Anandamide May be Involved in the Response of the Immune System to Cannabinoids

Dr. Burstein and his colleagues have examined whether the capacity of agents to mobilize arachidonic acid (AA) could predict increased anandamide (ANA) synthesis in a macrophage cell line. Lipopolysaccharide (LPS), platelet-activating factor (PAF), and cannabinoids such D9-tetra-hydrocannabinol (THC) and ANA were all found to be agonists for the release of AA and led to increased ANA synthesis in macrophage cells for the mouse cell line RAW264.7. Nitric oxide, in contrast, stimulated AA release without raising ANA levels. ANA stimulation of its own synthesis indicates the existence of a positive feedback mechanism. ANA synthesis is also increased by the combination of calcium ionophore and indomethacin, suggesting that ANA is metabolized by a cyclooxygenase in this system. These data imply that ANA could play a role in the response of the immune system to cannabinoids and bacterial endotoxins and that AA mobilization is a predictor for increased ANA synthesis. Pestonjamasp, V.K., and Burstein, S.H. Biochimica et Biophysica Acta 55325, pp. 1-12, 1998.

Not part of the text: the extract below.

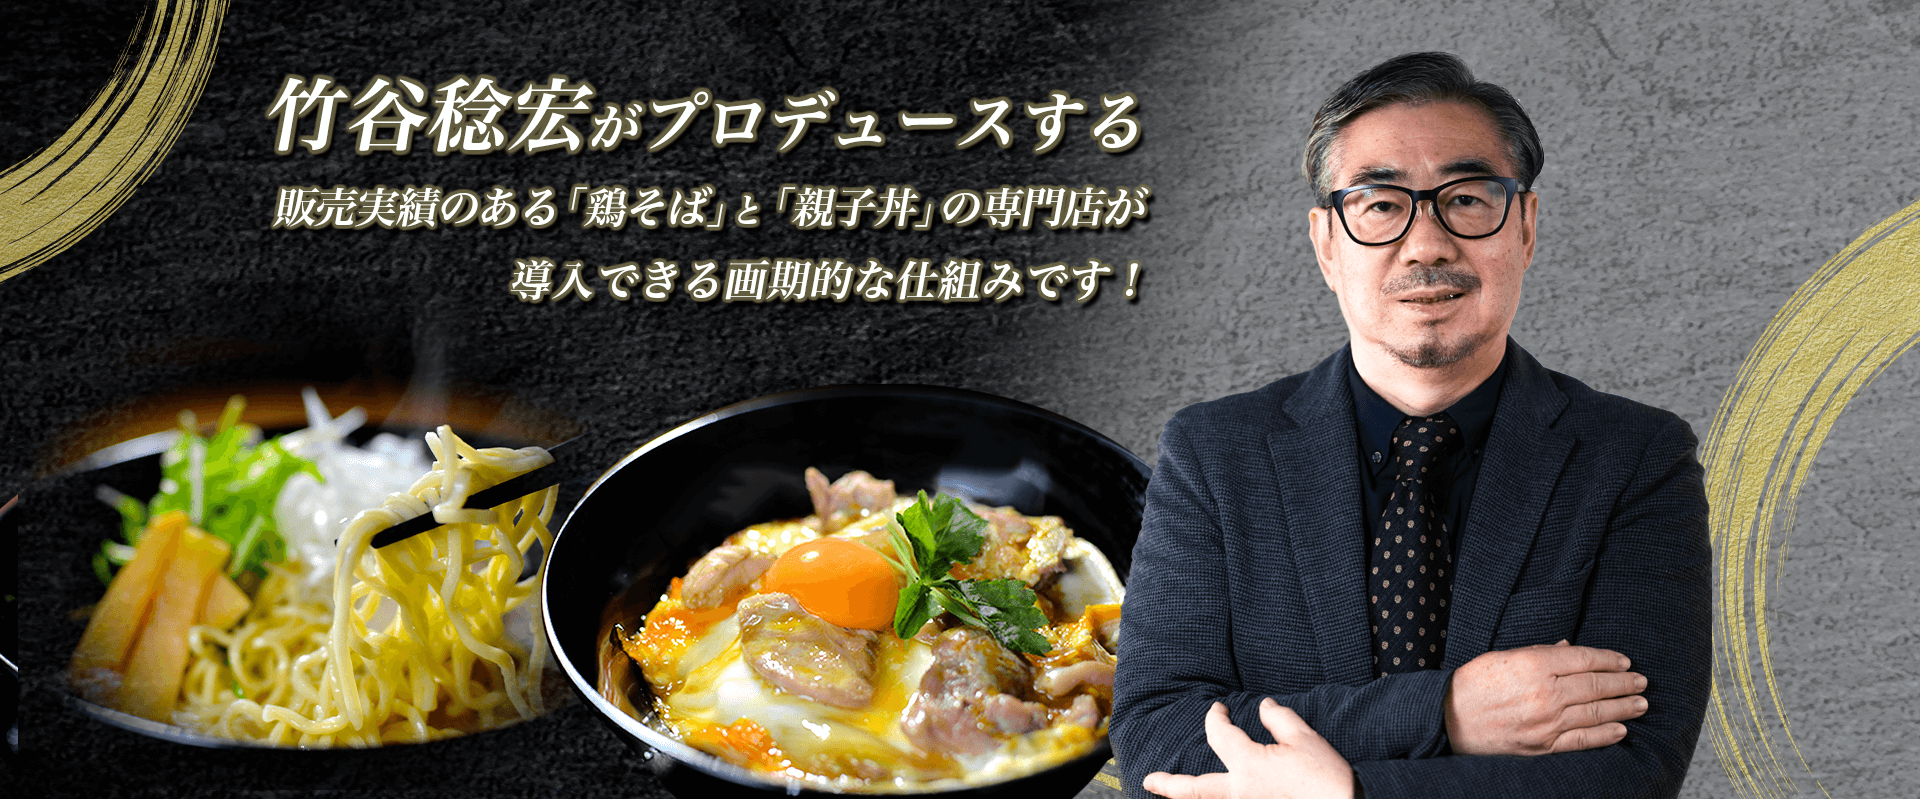 竹谷稔宏がプロデュースする販売実績のある「鶏そば」と「親子丼」の専門店が導入できる画期的な仕組みです！

3,4-Methylenedioxymethamphetamine (MDMA or "ecstasy") Induced Acute Changes in Dopamine (DA) Transporter Function

The acute effects of the amphetamine designer drug, MDMA, on dopamine (DA) transporter function in rat striatum were investigated and compared to other psychostimulants known to influence monoaminergic systems. A single MDMA injection (10-20 mg/kg; sub-cutaneously (s.c.)) caused a dose-related decrease in [3H]dopamine uptake into striatal synaptosomes prepared one hour after MDMA injection. This rapid effect on [3H]dopamine uptake returned to control levels 24 hours after treatment. A single administration of other amphetamine analogs, such as methamphetamine (15 mg/kg; s.c.), p-chloroamphetamine (10 mg/kg; intra-peritoneally (i.p.)) or methcathinone (30 mg/kg; s.c.), also rapidly decreased striatal [3H]dopamine uptake. In contrast, a single or multiple administrations of cocaine (30 mg/kg; i.p.) had no effect on [3H]dopamine transport into striatal synaptosomes. These changes in dopamine transporter activity by the amphetamine analogs may occur via reactive oxygen species-mediated mechanisms. The results obtained implicate novel mechanisms by which the DA transporter can be regulated pharmacologically as well as physiologically, and further demonstrate a newly observed effect of amphetamine analogs on dopaminergic neurons. Since the normal function of the DA transporter is to regulate the action of released DA, disruption of DA transporter function can lead to deleterious effects such as changes in dopaminergic transmission and behavior. Metzger, R.R., Hanson, G.R., Gibb, J.W., Fleckenstein, A.E. Europ J Pharmacol, 349, pp. 205-210, 1998.